In addition, handling the intensity information over space is more convenient than doing the same in the susceptibility case. In fact, the susceptibility is mapping-unit dependent whereas the intensity benefits from the Poisson aggregation property across any spatial units. In this work, we use this property to aggregate λ values estimated for each GC contained in a given SU (see Fig. 5 in Lombardo et al. 2019a).

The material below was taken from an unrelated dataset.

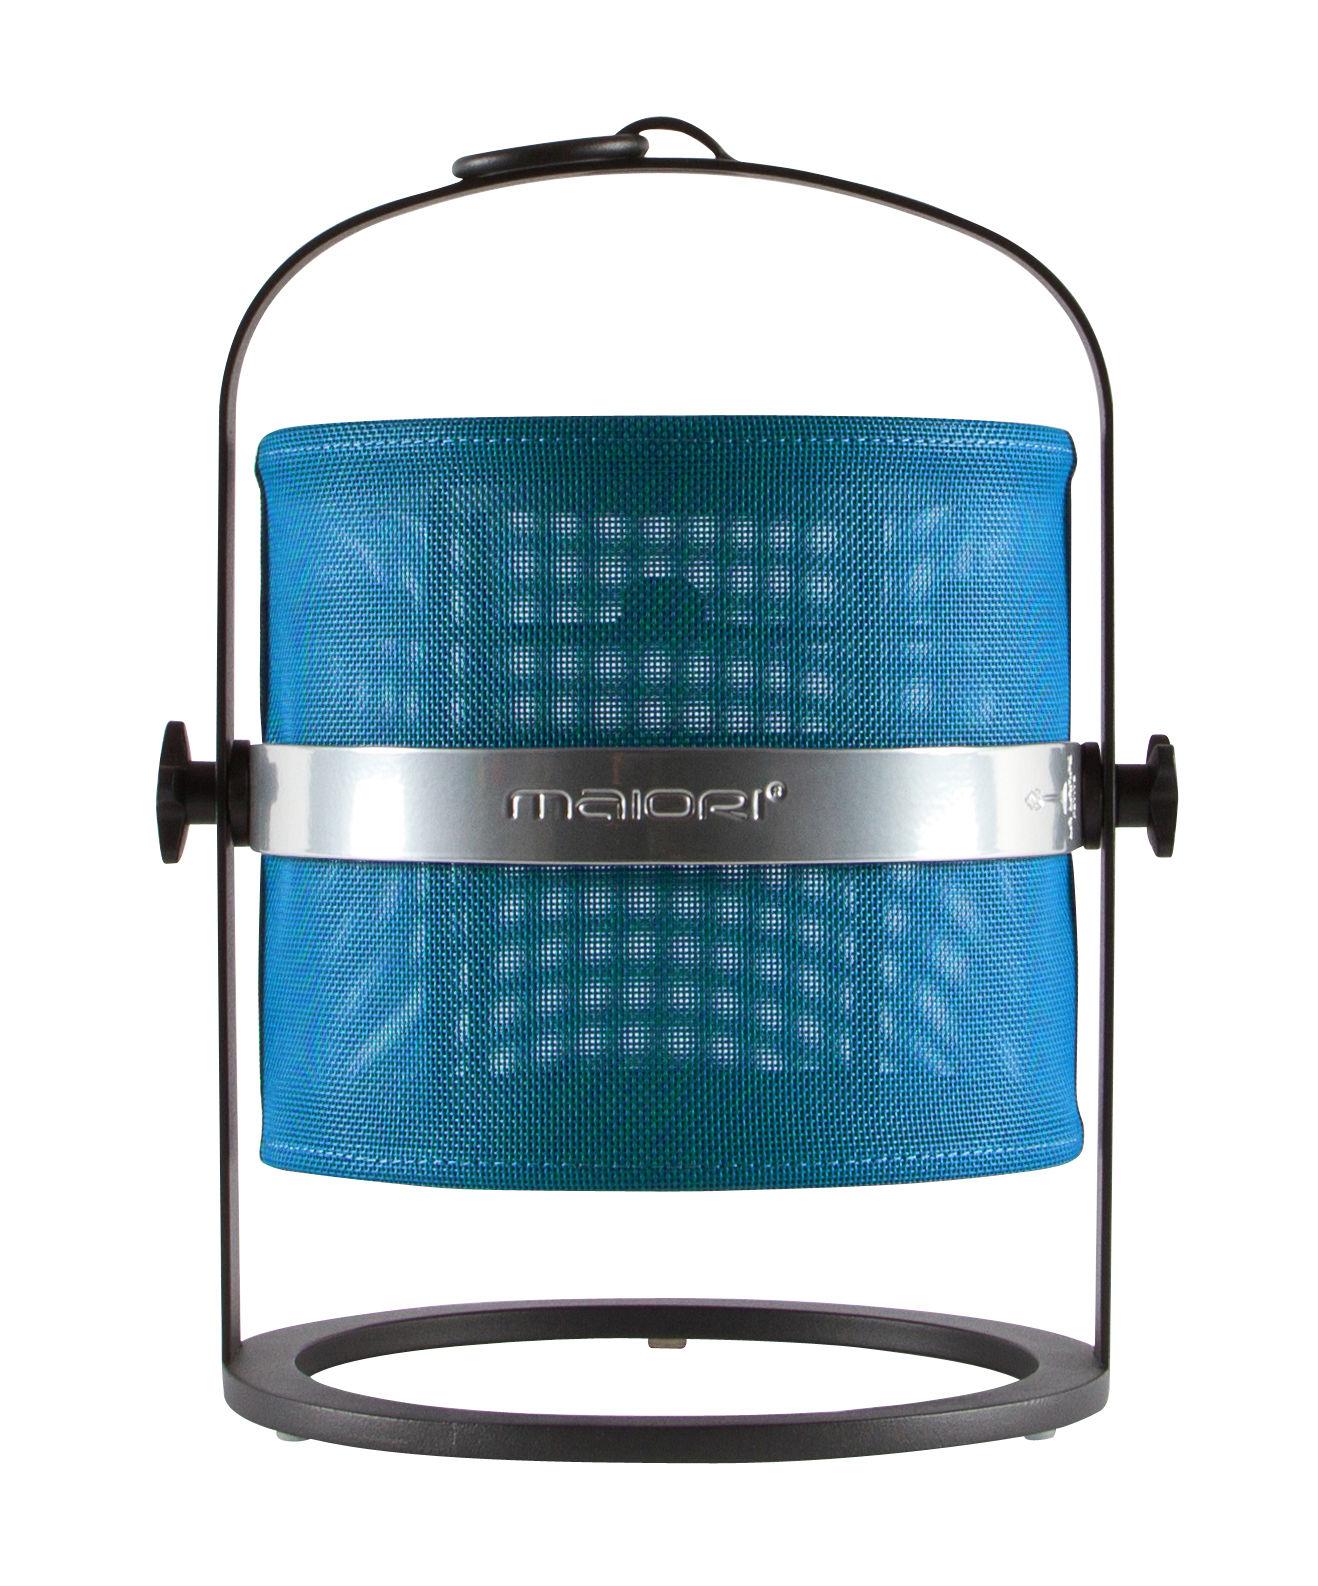 Illuminazione - Lampade da tavolo - Lamapada solare La Lampe Petite LED - / Senza filo - Struttura nera di Maiori -  - Alluminio, Tissu technique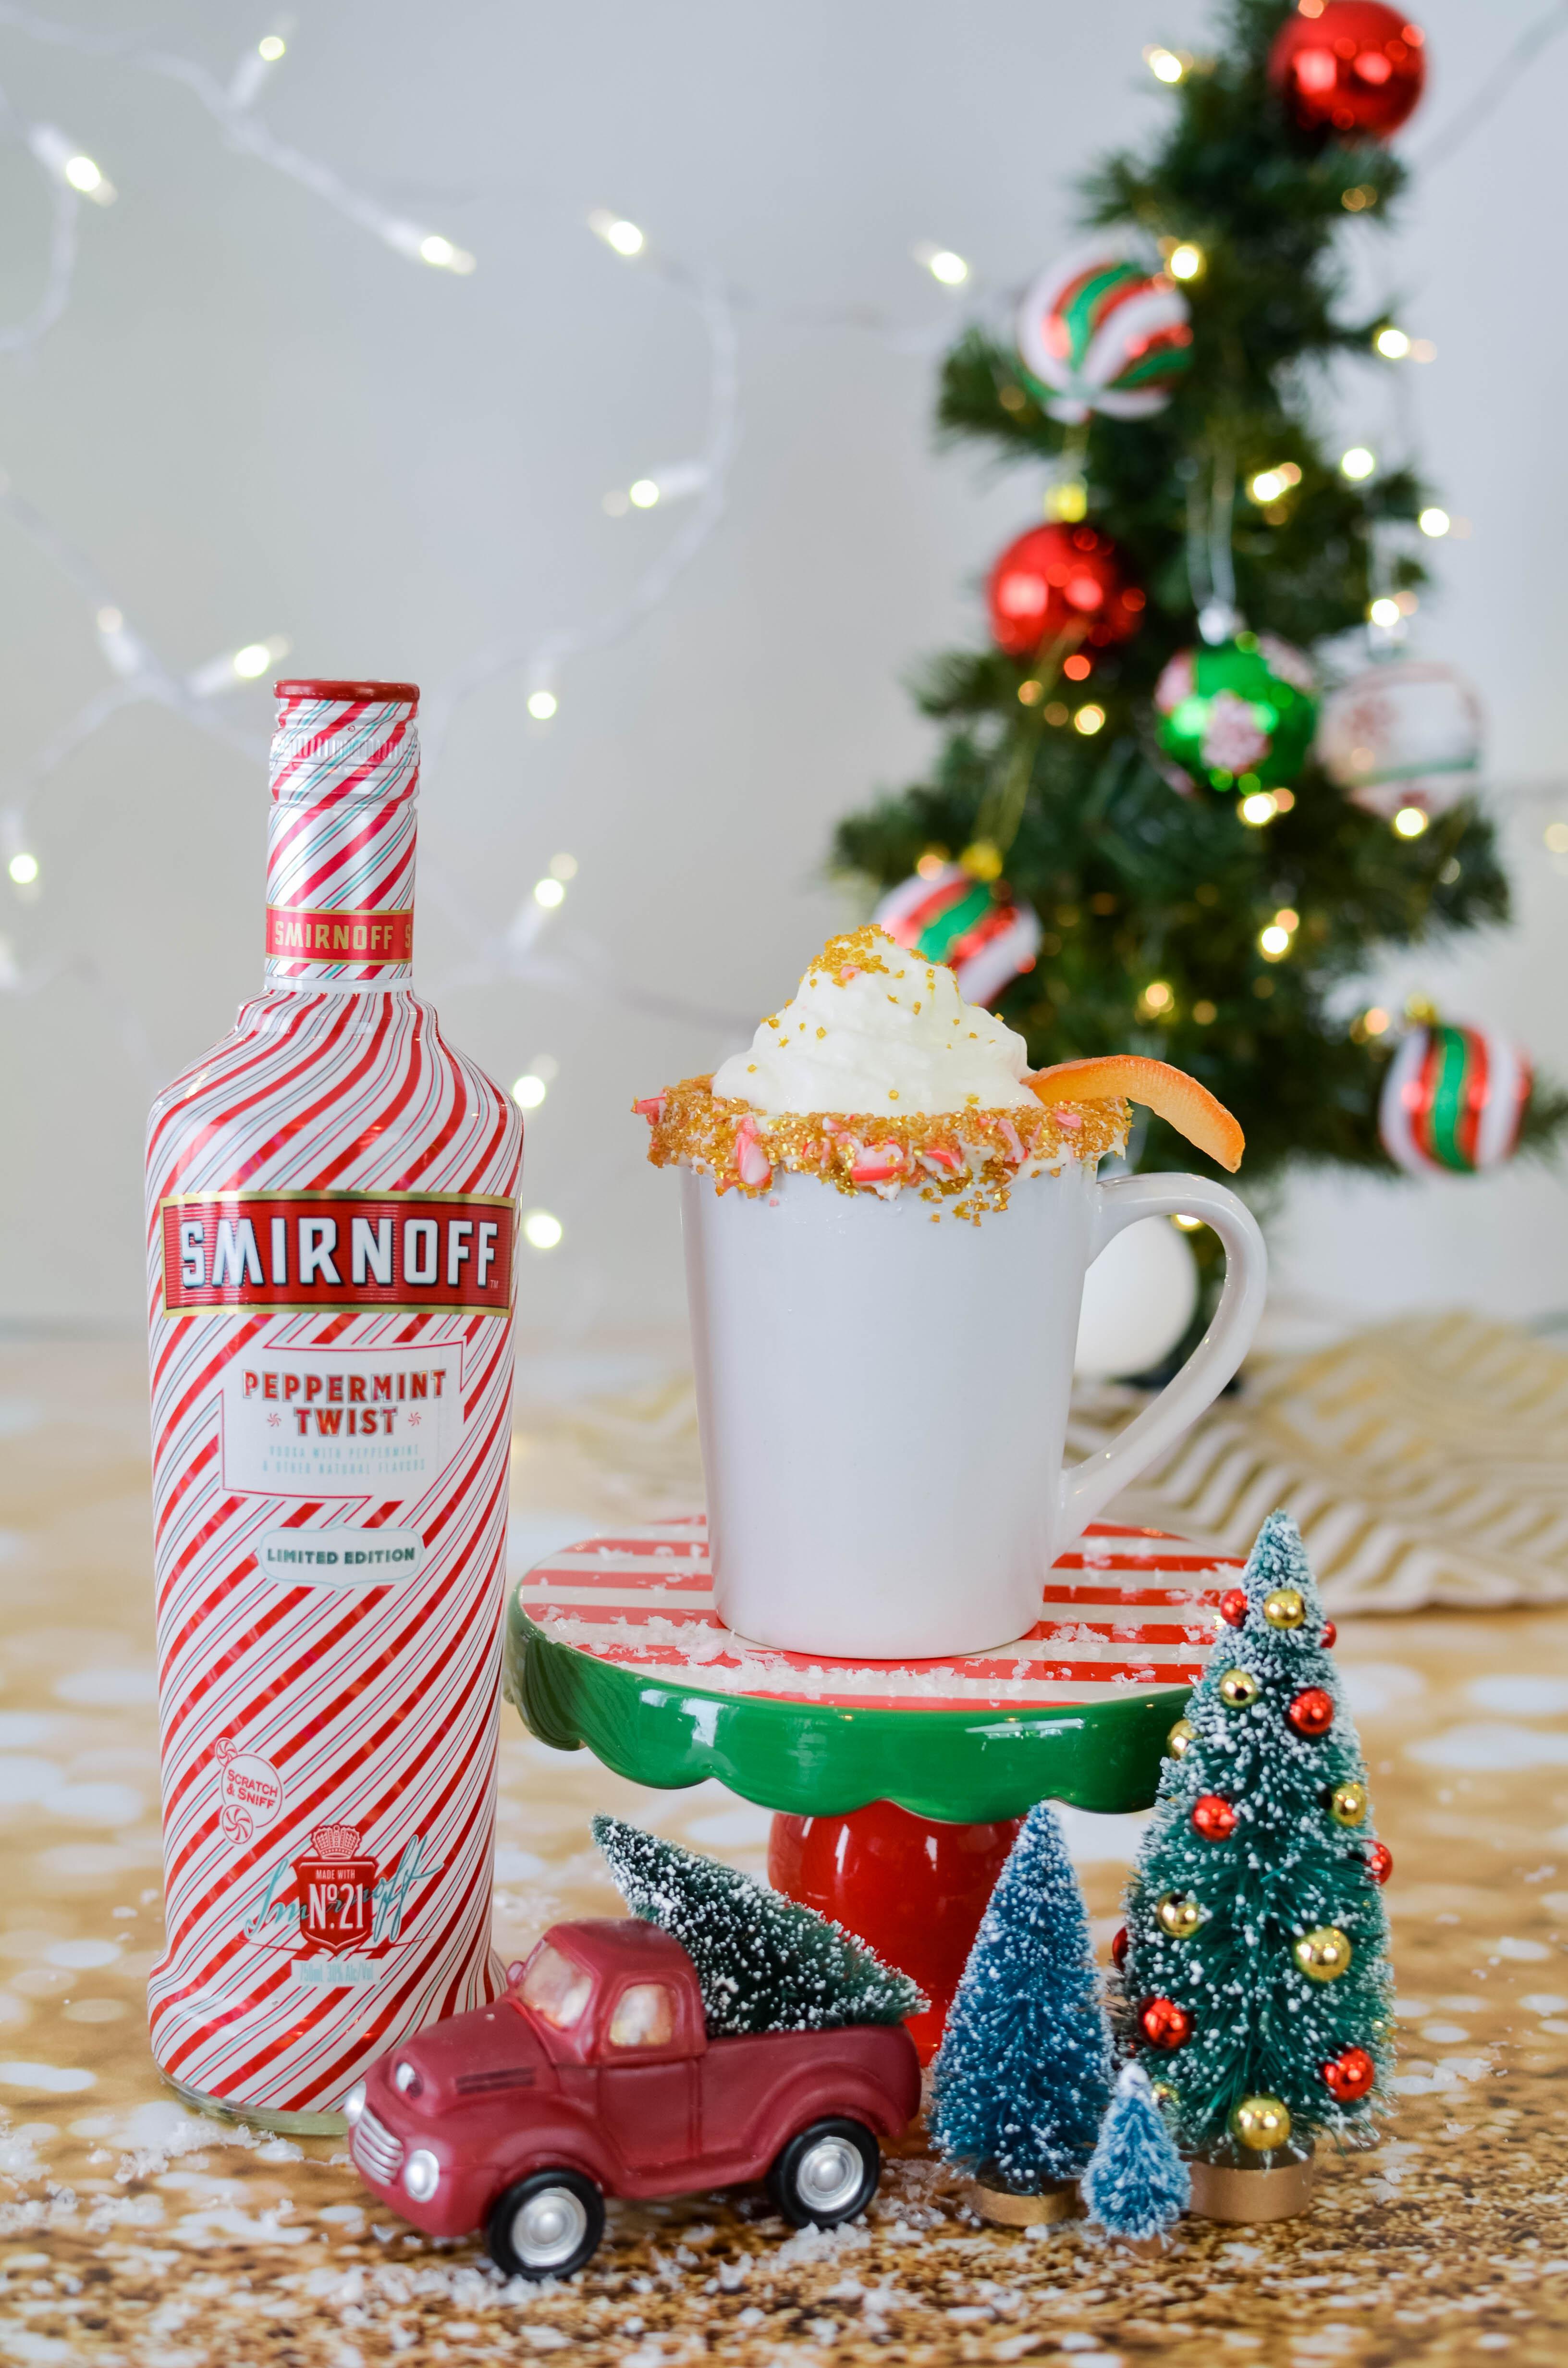 Smirnoff Holiday Gifts

2.5 From landslide intensity to hazard and density

The landslide intensity has been shown to correlate with the total planimetric extent of landslides for each mapping unit (Lombardo et al. 2020). This contribution states that a model able to estimate landslide counts indirectly satisfies the current definition of hazard. Following the definition proposed by Corominas et al. (2014), hazard assessment aims to determine the spatial and temporal probability of slope failures occurrence, together with their mode of propagation, size and intensity. However, Lombardo and co-authors missed an important implication. In fact, if intensity and landslide sizes can be expressed one as the function of the other, this also means that one can convert landslide intensity maps into expected landslide size-related maps.

In this work, this possibility by estimating the intensity per SU and then estimating the landslide extent for each SU by multiplying the intensity for the mean landslide area was explored. We then also take a step further by dividing the estimated landslide areas for the corresponding SU size, thus returning the landslide density.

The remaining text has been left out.